A retrospective of the world of book illustrations

Thursday, March 17, 2011

Edmund Dulac


"The Snow Queen" from Stories of Hans Andersen, 1911

Edmund Dulac was greatly admired for his depictions of ethereal and romantic fairy tales. He had a talent for envisioning scenes in shimmering, jewel toned splendor.
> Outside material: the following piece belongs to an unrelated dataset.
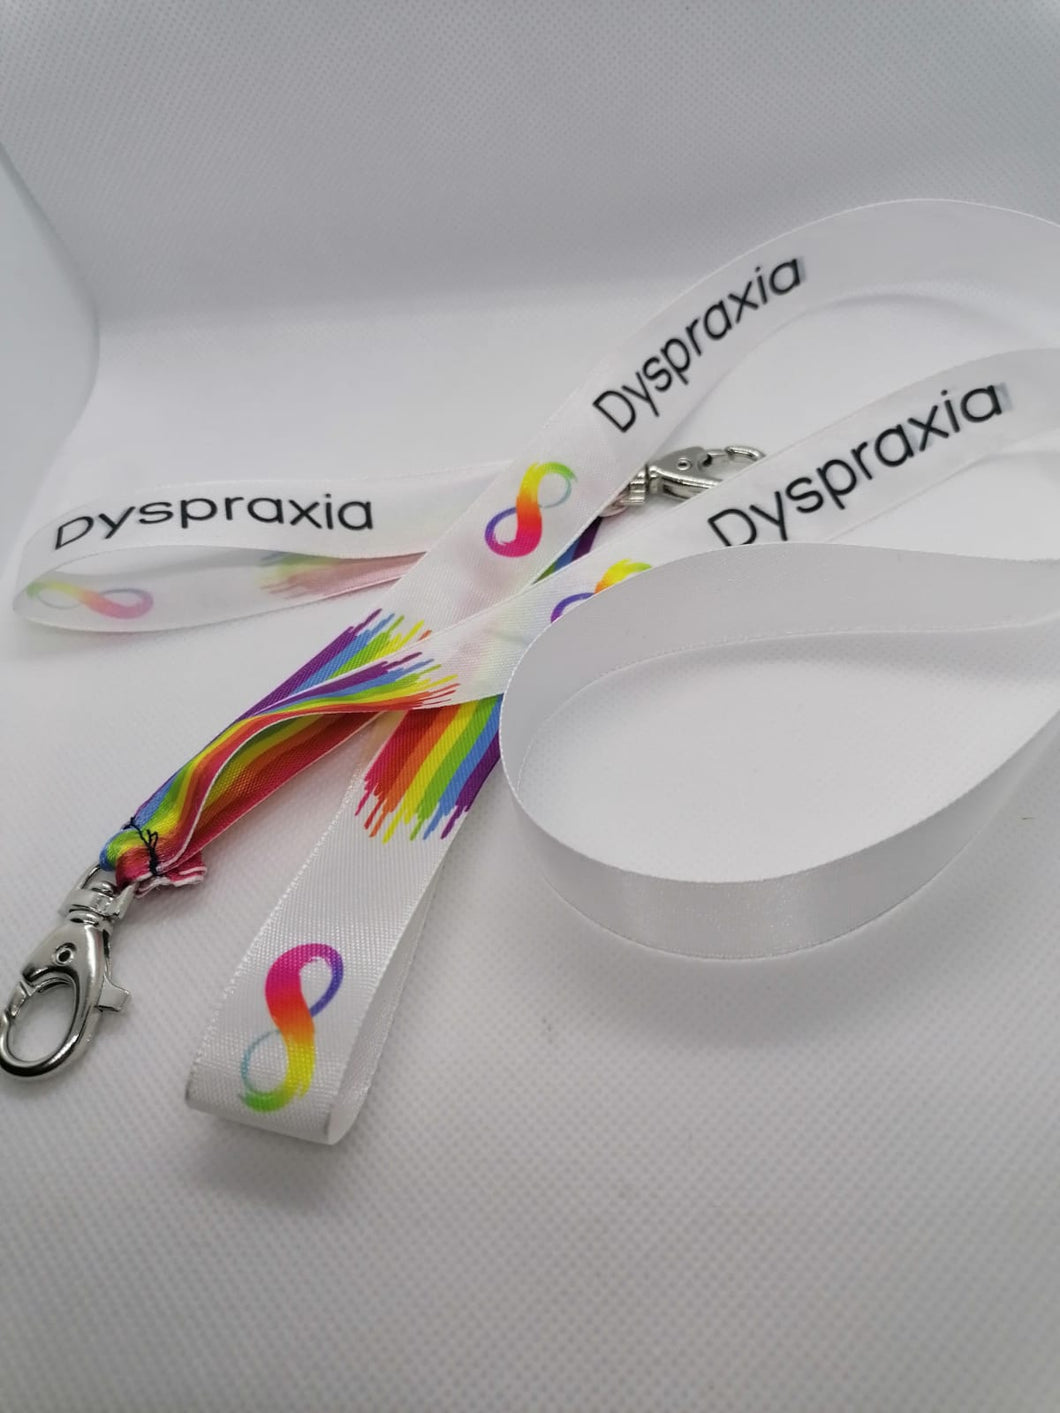 Dyspraxia Lanyard and Wrist Straps
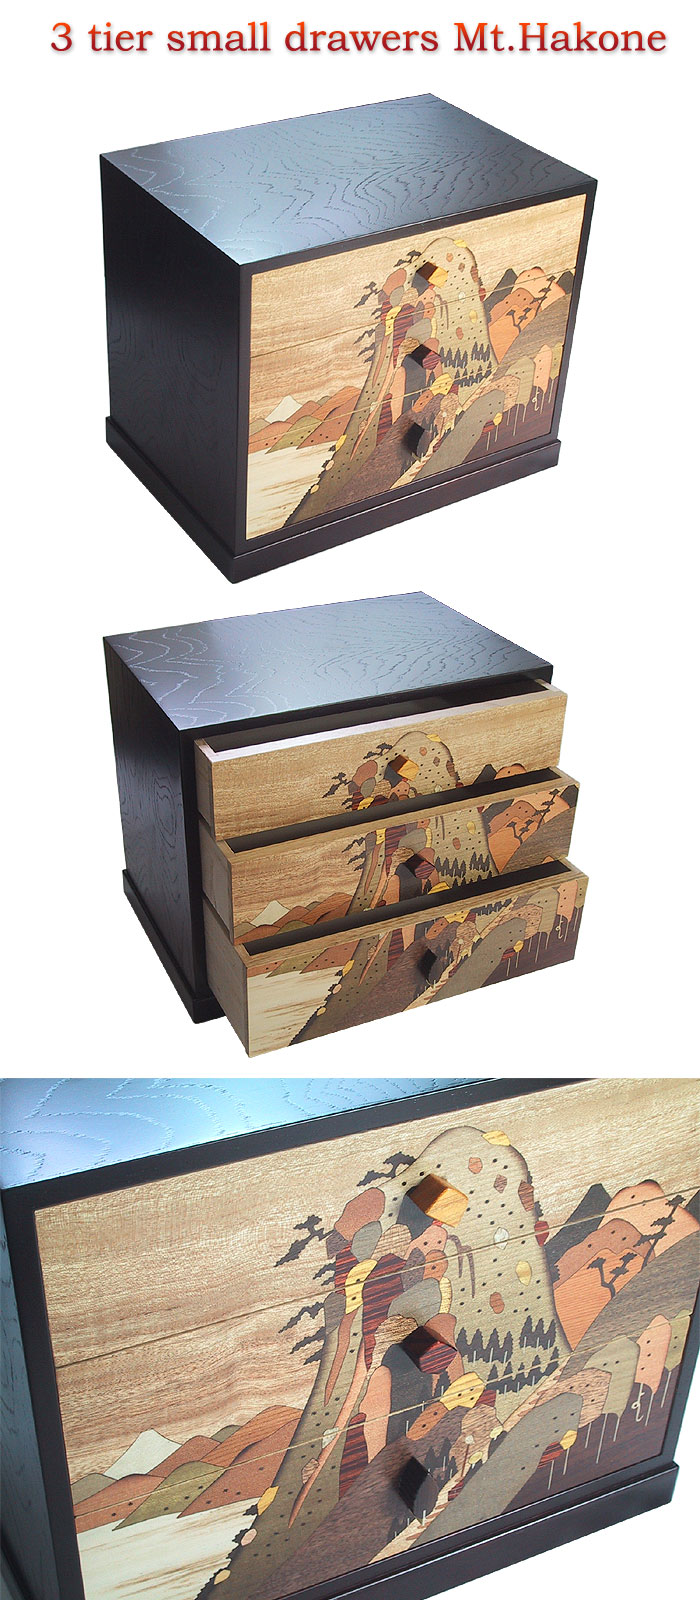 3 tier small drawers Mt.Hakone

Dulac was born in Toulouse, France, in 1882. He cultivated a passion for art as a boy, and grew to admire the works of William Morris, Walter Crane and Aubrey Beardsley. Dulac dedicated himself to becoming an illustrator after shrugging off two years of law school. He entered the profession just as the publishing industry underwent great technological advancements, introducing new methods of inexpensive colour reproductions. Dulac’s first illustrations appeared in a publication of Jane Eyre in 1905. His best known work appears in Stories from the Arabian Nights (1907), the Rubaiyat of Omar Khayyam (1909), The Sleeping Beauty and Other Tales (1910), Stories from Hans Andersen (1911), Princess Badoura (1913), Sinbad the Sailor and Other Stories from the Arabian Nights (1914), the Dreamer of Dreams (1915) and Edmund Dulac’s Fairy Book (1916). Dulac actively illustrated until 1918. He died in 1953.

It is difficult to envision his work without the necessary advances in
colour reproductions.



"The Real Princess" from Stories of Hans Andersen, 1911



"The Garden of Paradise" from Stories of Hans Andersen, 1911



From the Dreamer of Dreams, 1915



1916

Menges, Jeff A., ed. Dulac’s Fairy Tale Illustrations. Mineola, New York: Dover Publications, 2004. Print.